Pertanyaan itu tentunya menjadi penuh arti bagi mereka, bahkan bisa menjadi nilai pahala buat si penanya. Jadi, daripada pertanyaan “sudah makan?” hanya dijadikan pertanyaan pengharapan bahkan modus belaka, mending kita tanyakan pada adik pengamen di lampu merah, ibu penjual asongan yang hilir-mudik di bus, kakek pengayuh sepeda, atau bapak penyemir sepatu di stasiun. Lelah mereka mungkin bisa sedikit terobati, karena tahu ternyata ada orang yang juga peduli dengan mereka di hidup yang keras ini. Sembari berbagi minuman atau beberapa lembar rupiah kepada mereka pun tidak akan sampai membuat kita melarat tujuh turunan.
- Apa benar?
Pertanyaan ini belakangan happening dengan tagar #ask di kalangan netijen.

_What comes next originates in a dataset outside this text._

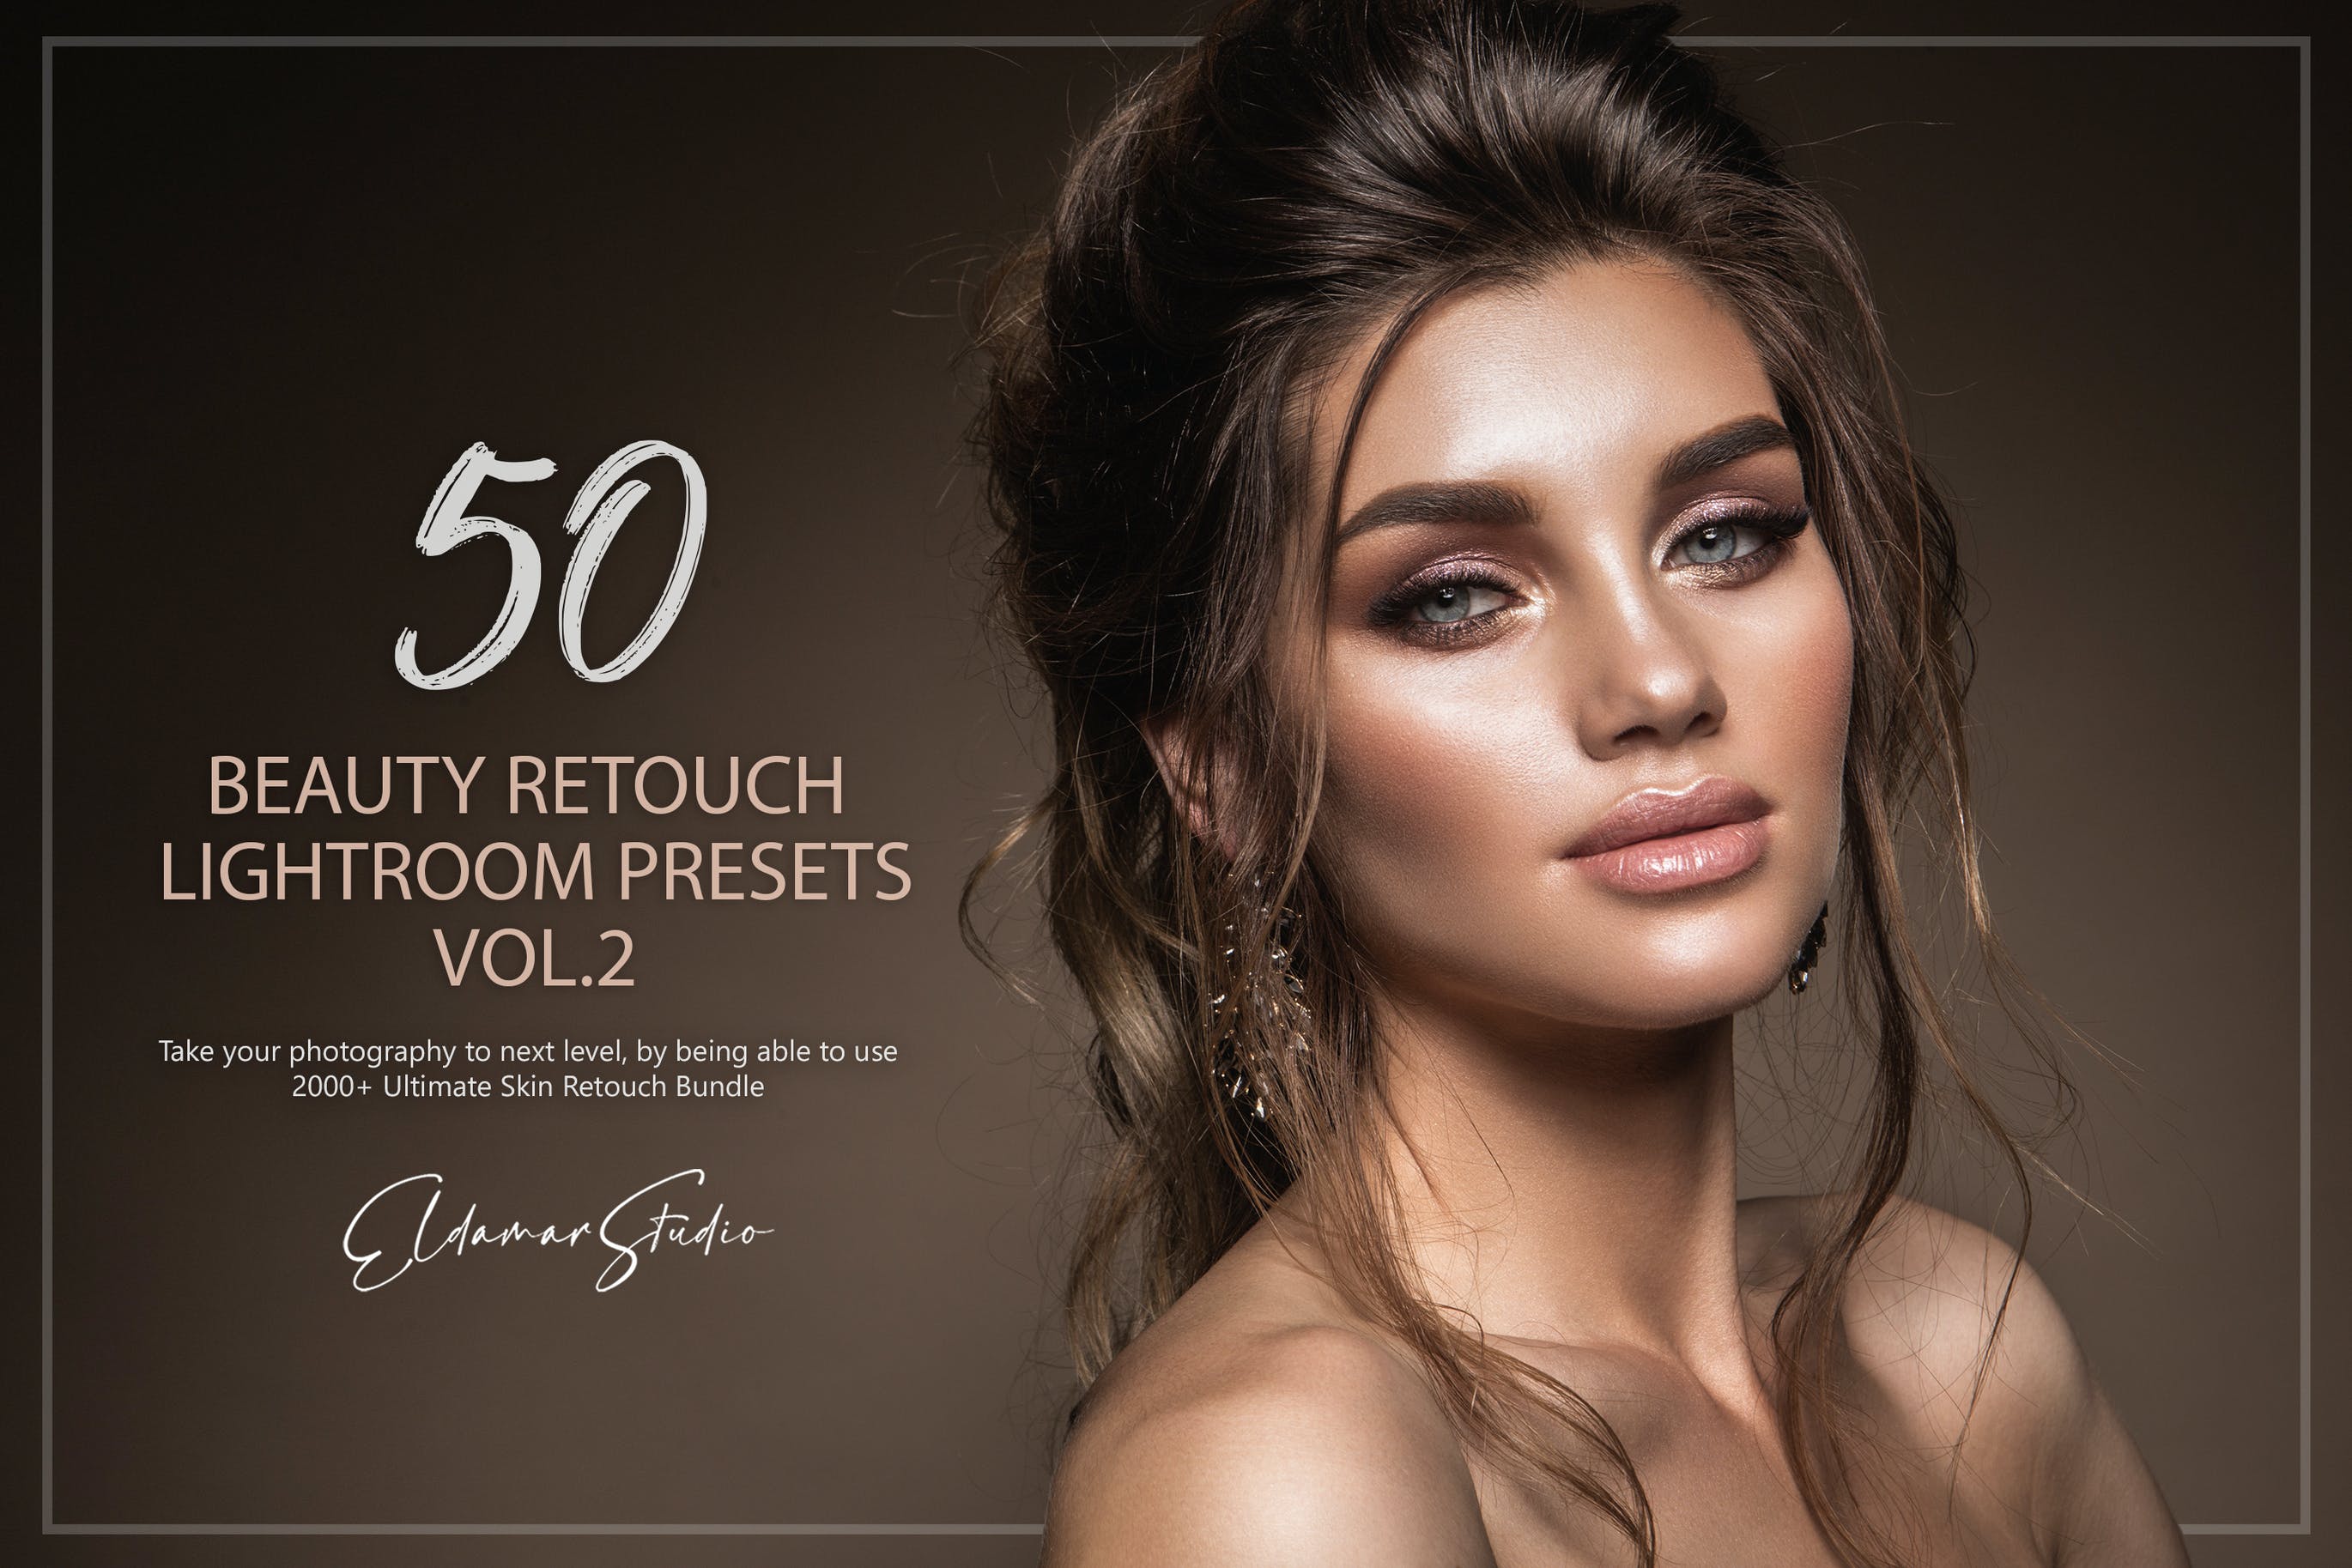 50个美容修饰照片调色滤镜LR预设v2 50 Beauty Retouch Lightroom Presets – Vol. 2 插件预设 第1张

Dari pertanyaan dengan konteks paling receh sampai paling kepo.
“Apa benar gendang telinga termasuk alat musik?”
“Apa benar Limbad kalau jadi baik namanya jadi Limgood?”

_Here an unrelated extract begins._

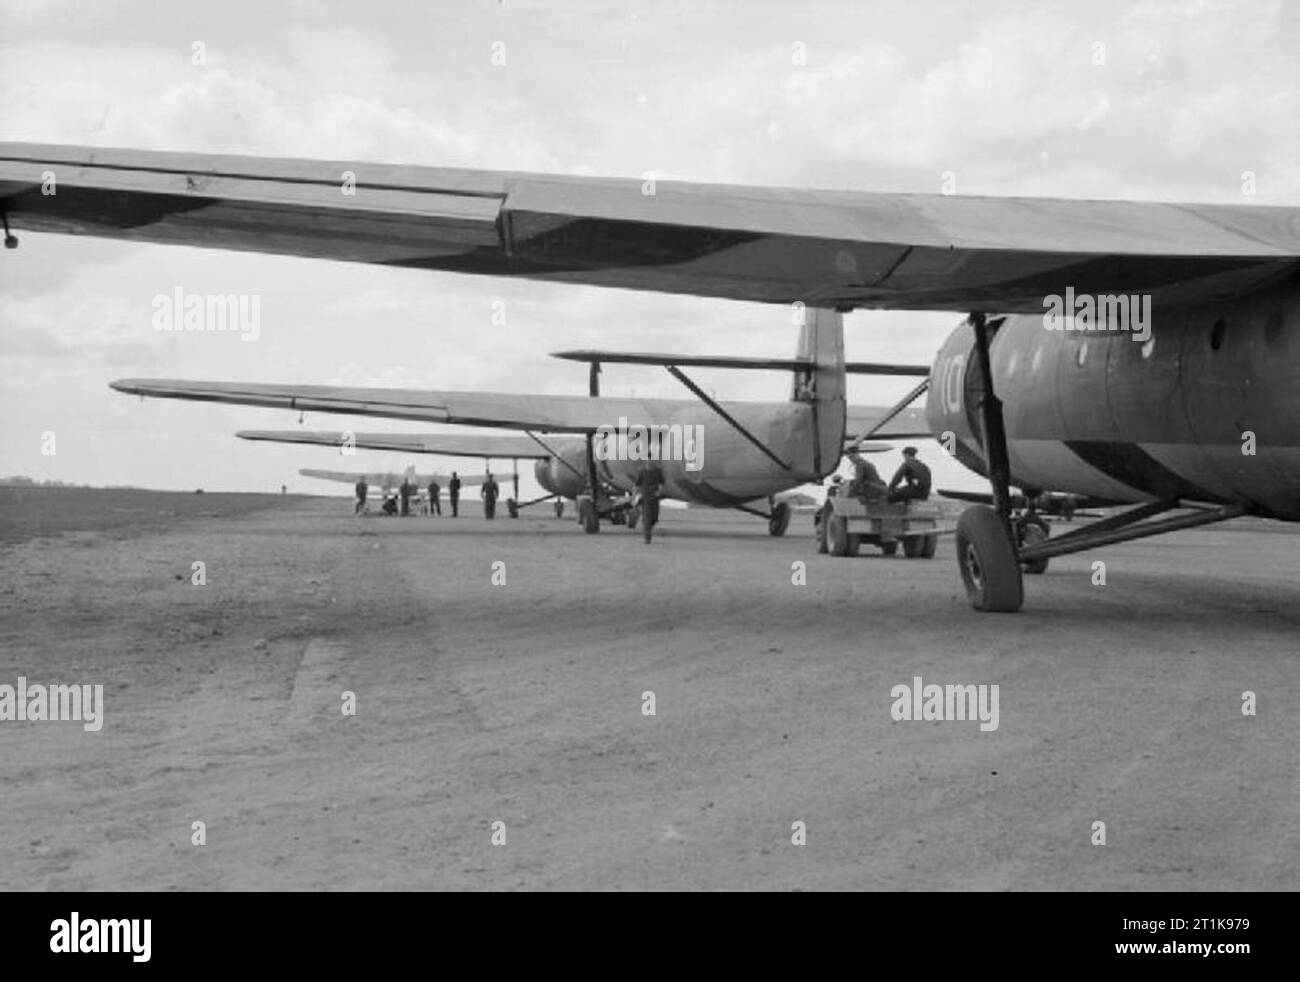 Royal Air Force Commande d'entraînement en vol, 1940-1945. Horsa Airspeed marque est de l'unité de conversion de planeur lourd, alignés sur la piste à Brize Norton, Oxfordshire, attendant d'être remorqué. Le câble de remorquage de l'Armstrong Whitworth Whitley remorqueur cible vu au-delà du groupe d'aviateurs dans la distance, a été attaché à l'avant-aile. Banque D'Images

“Apa benar kamu hollokitty itu?”
Netijen Indonesia emang sangat kurang kreatif buat pertanyaan dengan sense humor receh, tapi bisa buat ketawa-ketiwi sendiri. Buktinya nih, saya yang lagi stres karena begadang semalaman nonton vlogger mukbang daging dan saya makan mie instan, terus lanjut pagi harus dengan konsentrasi tinggi mengisi scoring tes TOEFL yang jawabannya di dominasi oleh the power of A, merasa sungguh terhibur membaca pertanyaan receh “apa benar?” ala netijen dan akhirnya bisa menyelaikan satu tulisan ini dan akan di kirim ke Terminal Mojok dan entah diterima atau tidak, tapi kalau kalian membacanya berarti tulisanku terbit—yeyyyyyy~
Phuuuihh… capek juga ngetik tanpa titik yah. So, artinya pertanyaan “apa benar?” meskipun receh tapi mampu menjadi hiburan untuk saya atau pun para pejuang kerja, halal kan aku, dan berkah di luar sana.

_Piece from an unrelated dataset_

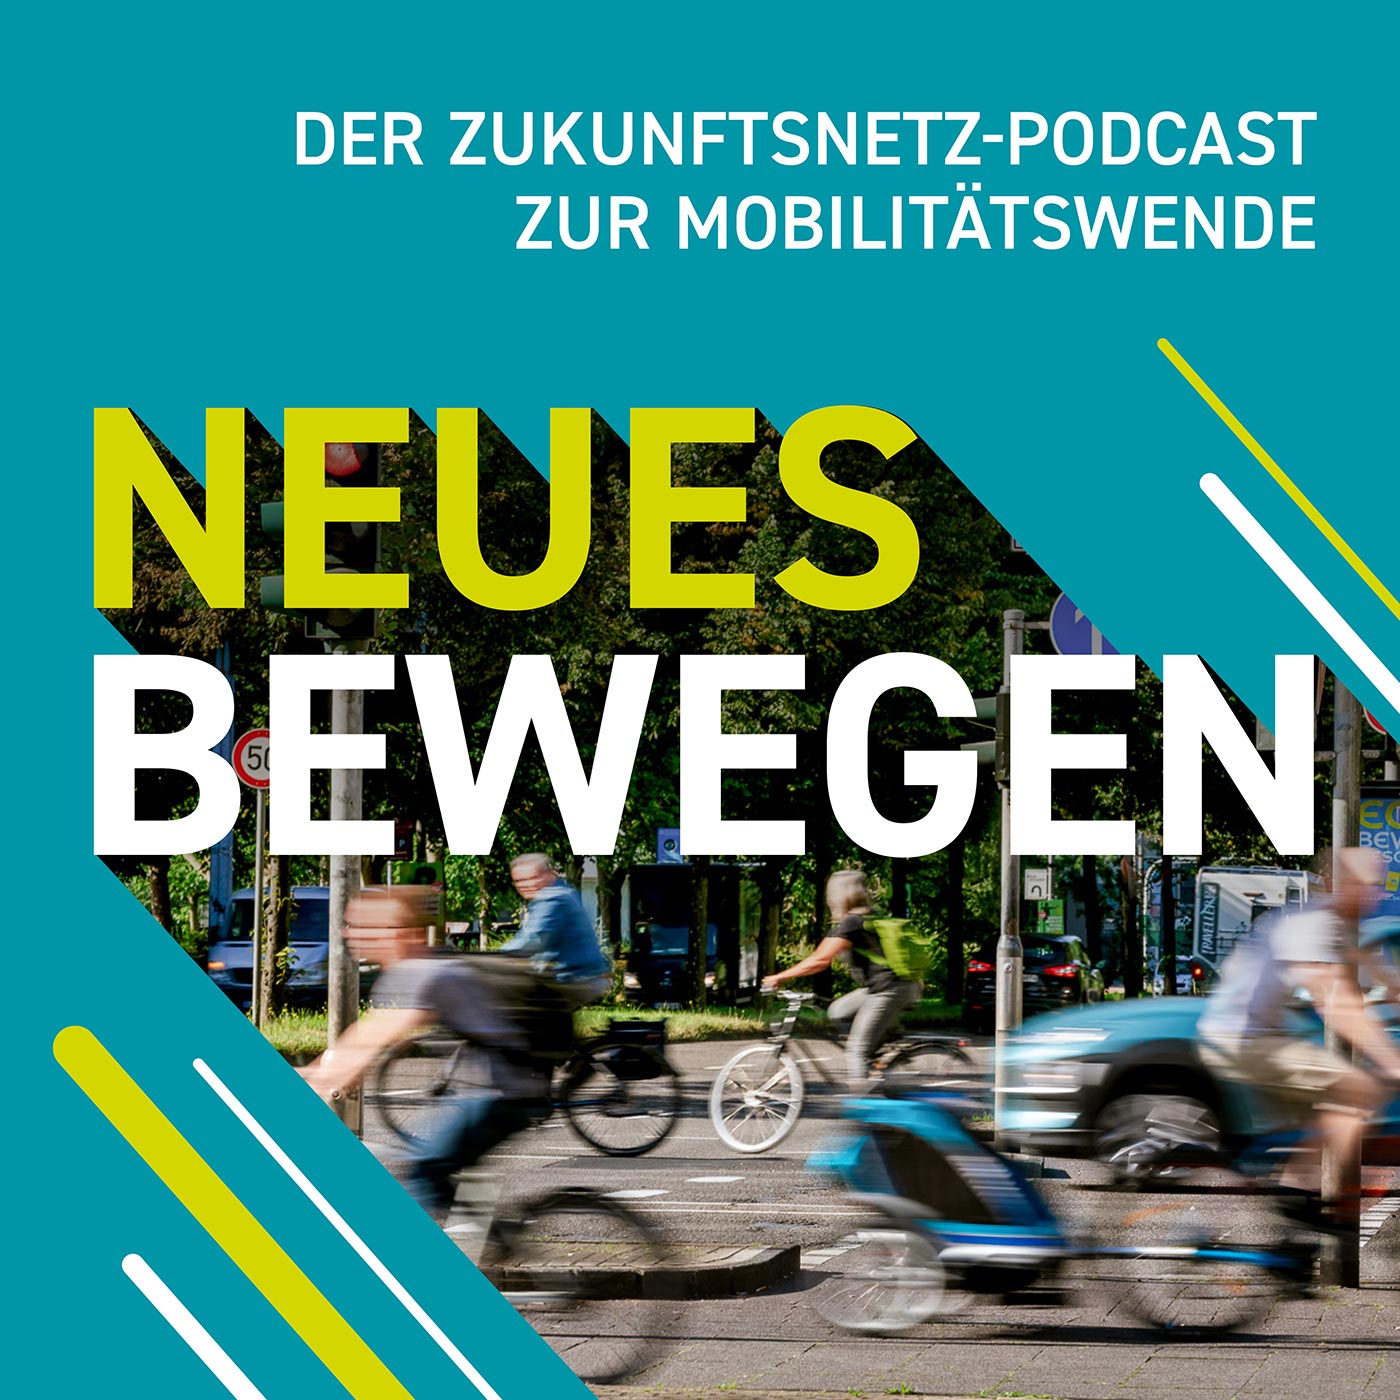 NEUES BEWEGEN – Der Zukunftsnetz-Podcast zur Mobilitätswende

Dan juga, dalam Islam pertanyaan ini merupakan bentuk tabayyun (konfirmasi) kepada seseorang atas suatu isu/berita yang beredar di publik tentang diri seseorang yang sedang diperbincangkan. Tujuannya, agar jangan sampai kita mudah percaya pada hoax bahkan dapat menjadi fitnah bagi orang tersebut. Jika tidak benar kan orang tersebut bisa meluruskan dan menyampaiakan kebenaranya. Jadinya, kamu bisa jadi pahlawan kesiangan deh yang menegakkan kebenaran dan mencegah hoax dan finah yang seperti jamur di zaman ini.
Nah, itulah beberapa pertanyaan receh namun bisa jadi bermanfaat dan bermakna buat orang lain. Saya jadi ingat hadist Rasulullah yang sering sekali kita dengar, “segala sesuatu tergantung dari niat.” Meskipun receh tapi kalau niatnya tulus untuk modus membantu, memberi manfaat atau menghibur, maka justru dari kerecehan ini in syaa Allah kita bisa menuai pahala dari-Nya. Pertanyaan receh bisa bermanfaat, uang receh pun masih laku di pasaran—nah kamu kok belum laku-laku?